DATA EXTRACT —
━━━━━━━━━━━━━━━━━━━━

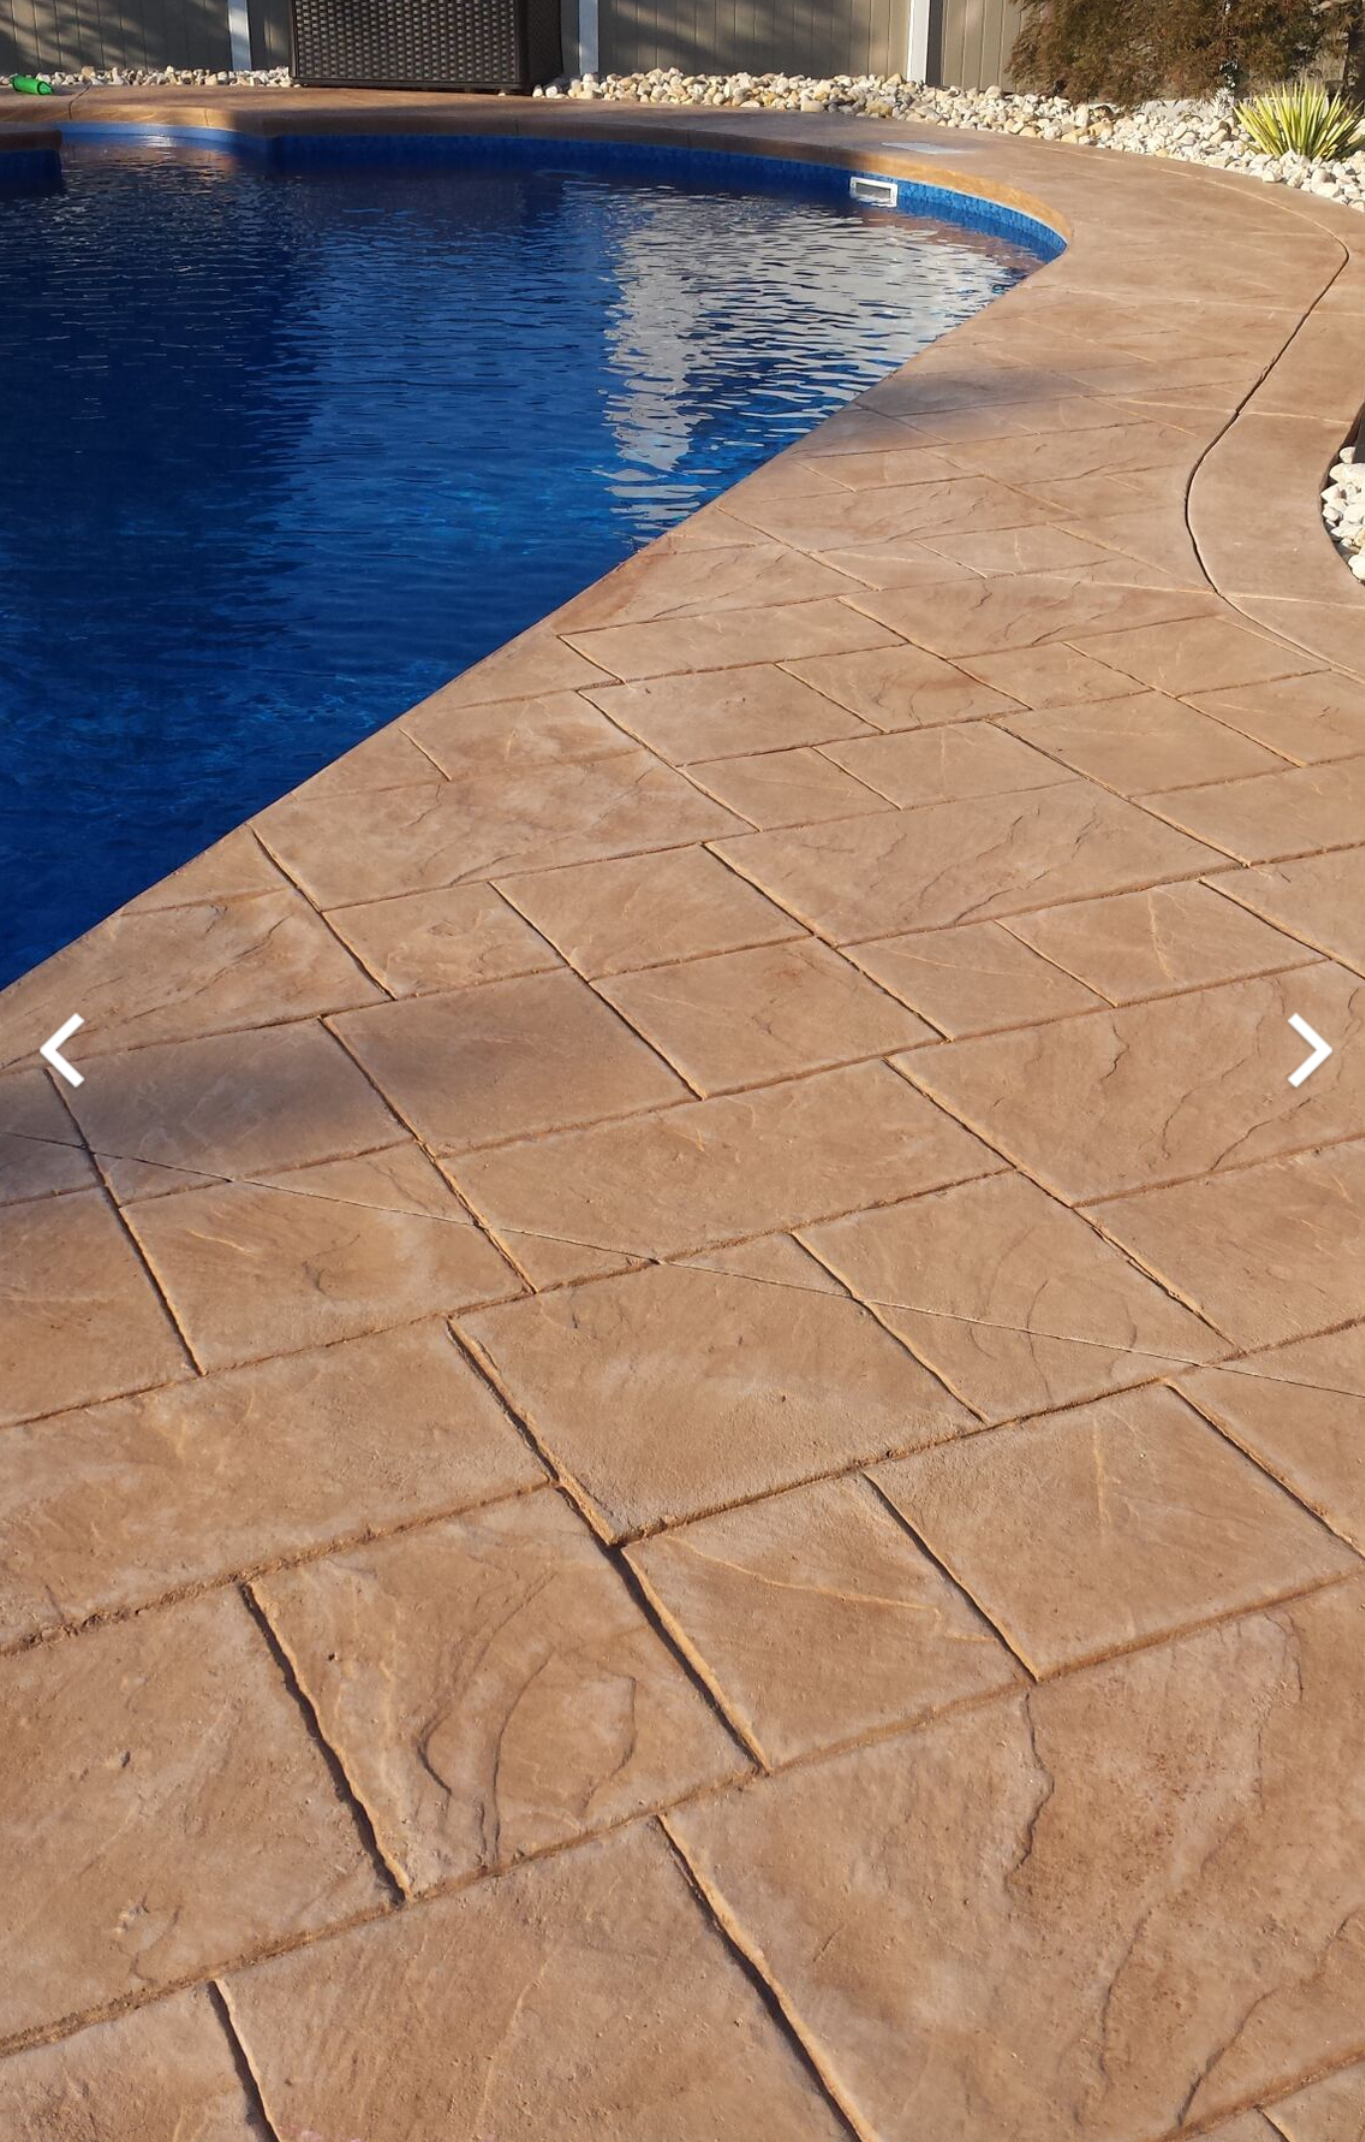 Large ashler slate fm 3150 Desert tan integral color Sunbaked clay highlights
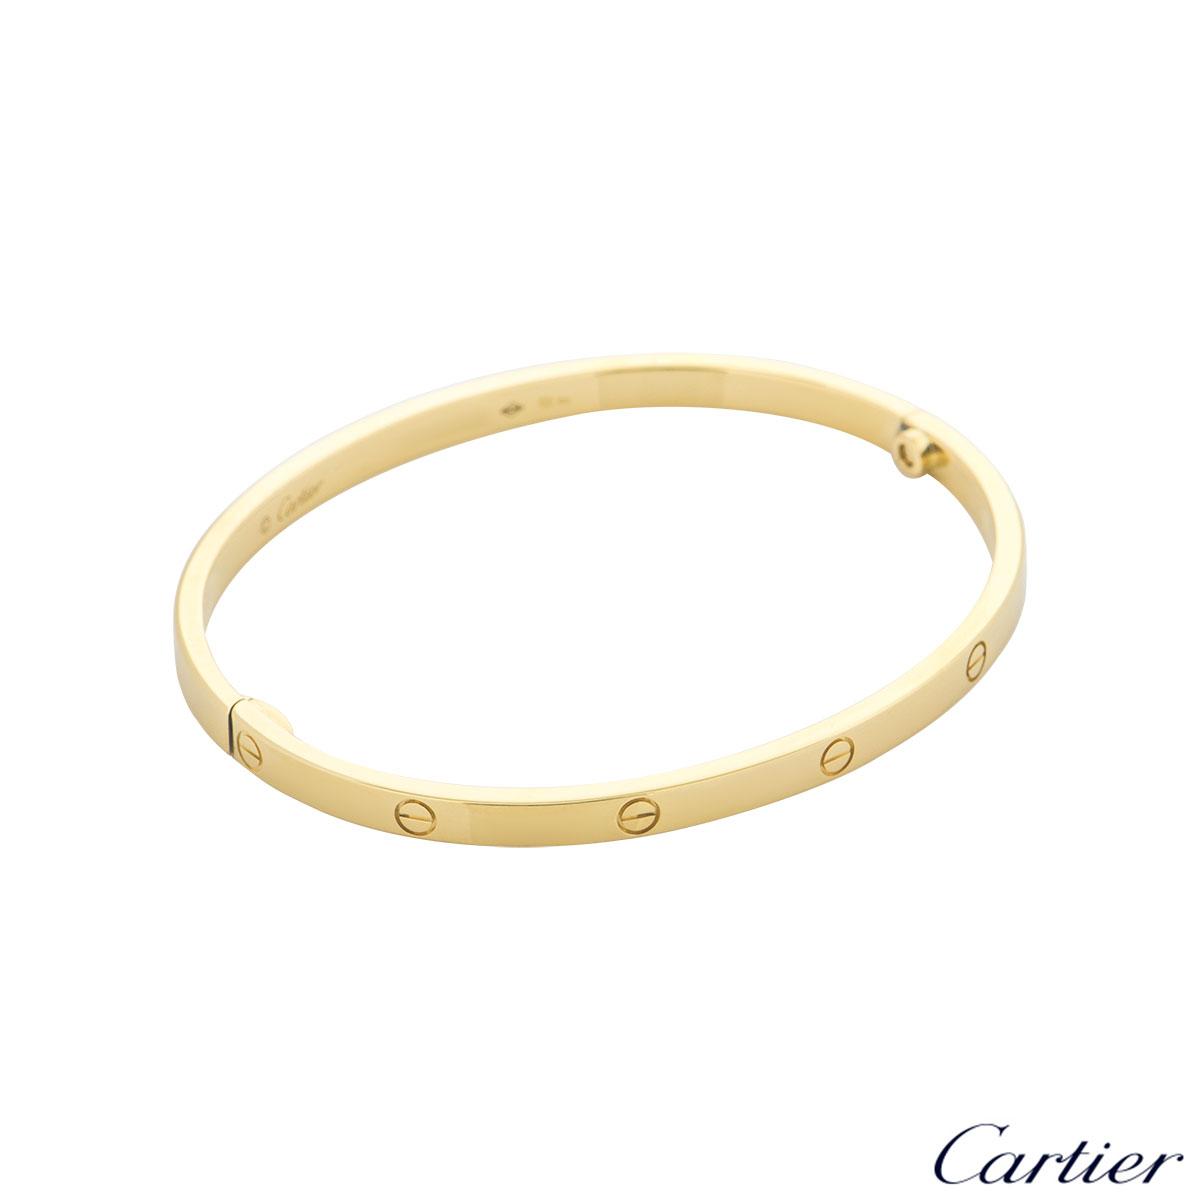 Cartier Yellow Gold Plain Love Bracelet SM Size 16 B6047516
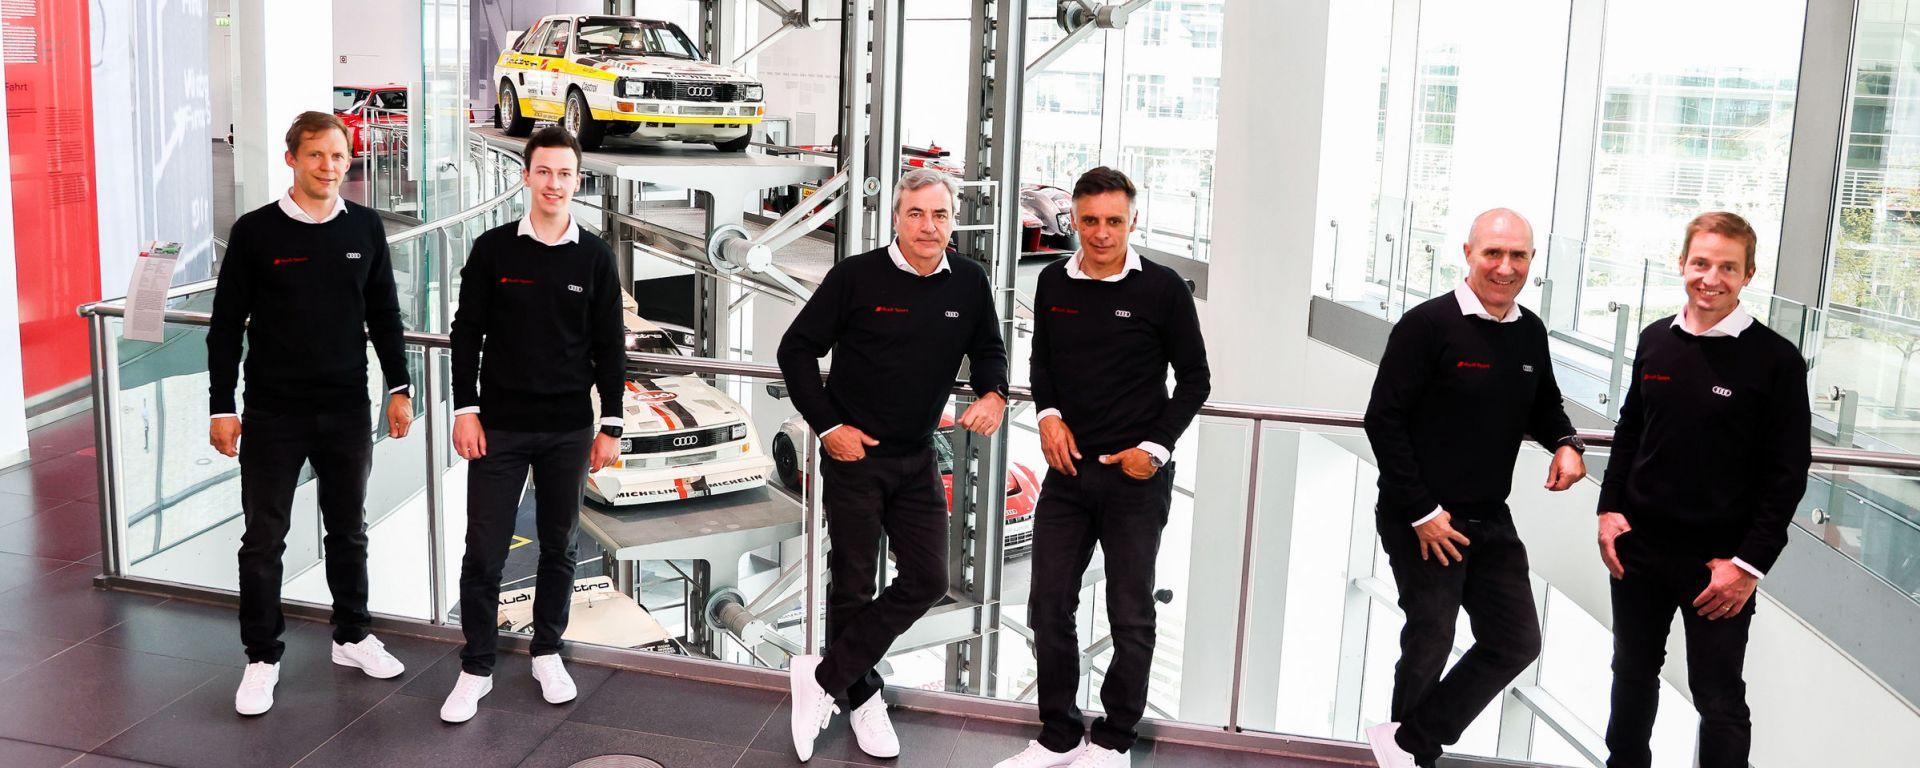 Audi presenta il suo Team Dakar 2022: Mattias Ekström, Emil Bergkvist, Carlos Sainz, Lucas Cruz, Stéphane Peterhansel, Edouard B

━━━━━━━━━━━━━━━━━━━━

WHAT TO PRODUCE — Leave the pictures out and restate the listing word for word.

RESPONSE TO THE TASK —
 Large ashler slate fm 3150 Desert tan integral color Sunbaked clay highlights
 Cartier Yellow Gold Plain Love Bracelet SM Size 16 B6047516
 Audi presenta il suo Team Dakar 2022: Mattias Ekström, Emil Bergkvist, Carlos Sainz, Lucas Cruz, Stéphane Peterhansel, Edouard B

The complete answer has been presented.